Farooq Aziz

Personal information
- Date of birth: 25 December 1977 (age 48)
- Place of birth: Pakistan
- Position: Forward

Senior career*
- Years: Team / Apps / (Gls)
- 1992–1994: Wohaib
- 1993: → Defence FC (loan)
- 1995–2000: Pakistan Railways
- 2001–2004: Khan Research Laboratories

International career
- 1992–1993: Pakistan / 6 / (0)

= Farooq Aziz =

Pakistani footballer (born 1978)

Farooq Aziz (born 25 December 1977) is a Pakistani former footballer who played as a forward. Aziz represented Wohaib at the 1992–93 Asian Club Championship, and played for the Pakistan national team in 1992–1993.

== Club career ==
Aziz played for Wohaib FC from 1992 till 1994 at the National Football Championship. He was also member of the Wohaib club which participated in the 1992–93 Asian Club Championship, where the team became the first Pakistani club to pass the qualifying round of the Asian Club Championship. Aziz also represented Defence Club at the 1993–94 Asian Club Championship qualifying round against Oman Club.

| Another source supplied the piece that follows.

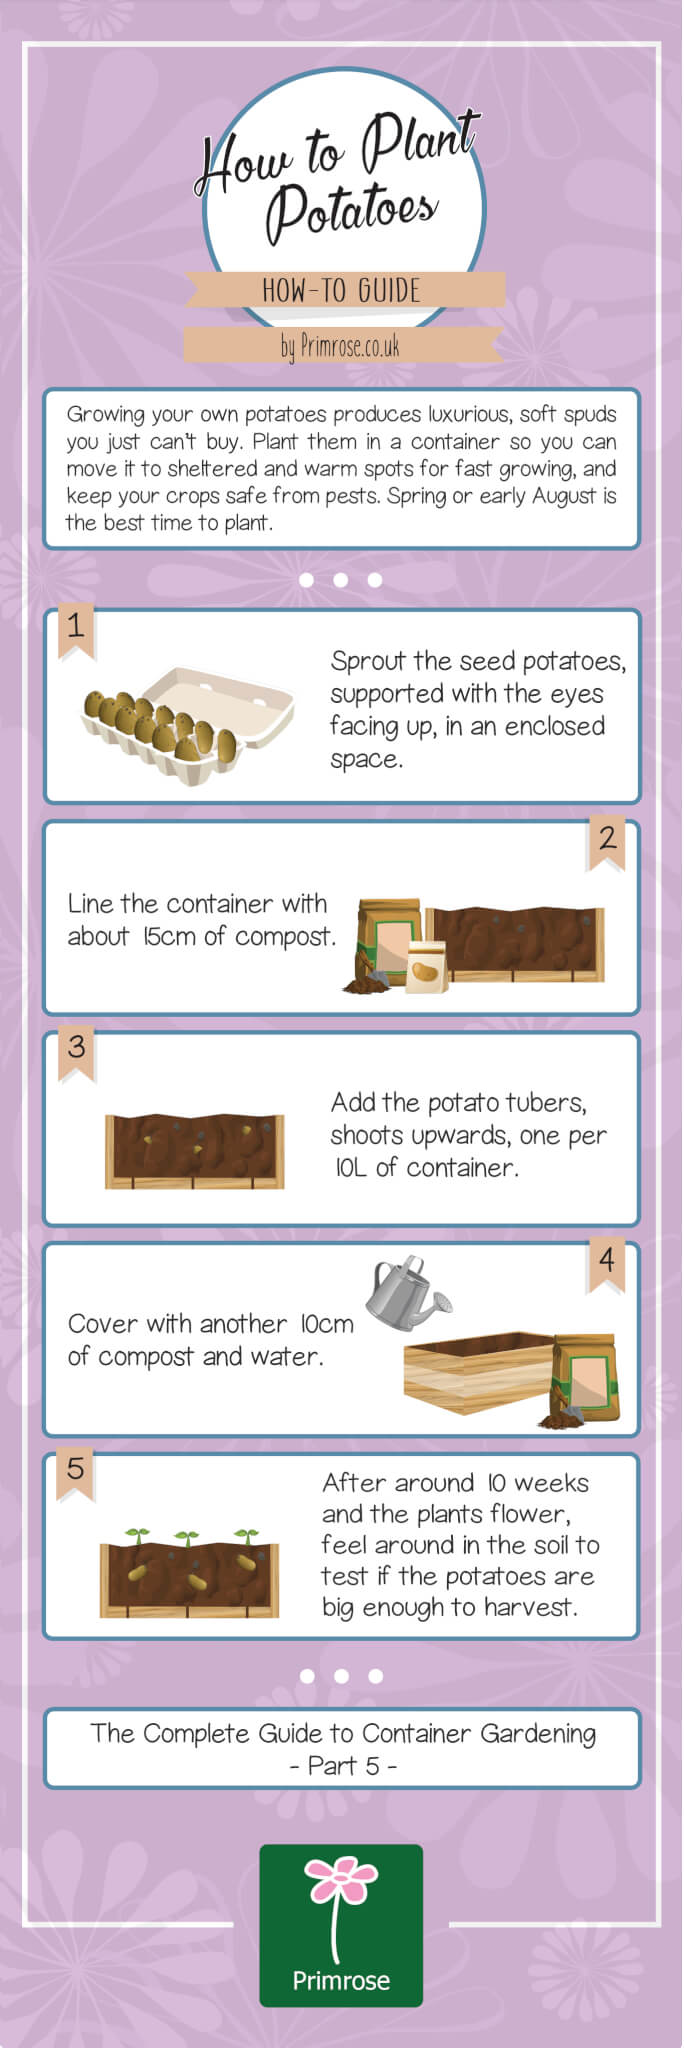 How to plant potatoes in containers infographic

He later played for Pakistan Railways, and later for the Khan Research Laboratories team.

== International career ==
Aziz made his international debut at the 1992 Jordan International Tournament. On 22 May 1993 he played against China at the 1994 FIFA World Cup qualification, aged only 15 years and 148 days, becoming the youngest player in the world to have played in a World Cup qualifier. He featured as a regular starter in several matches of the qualification stage.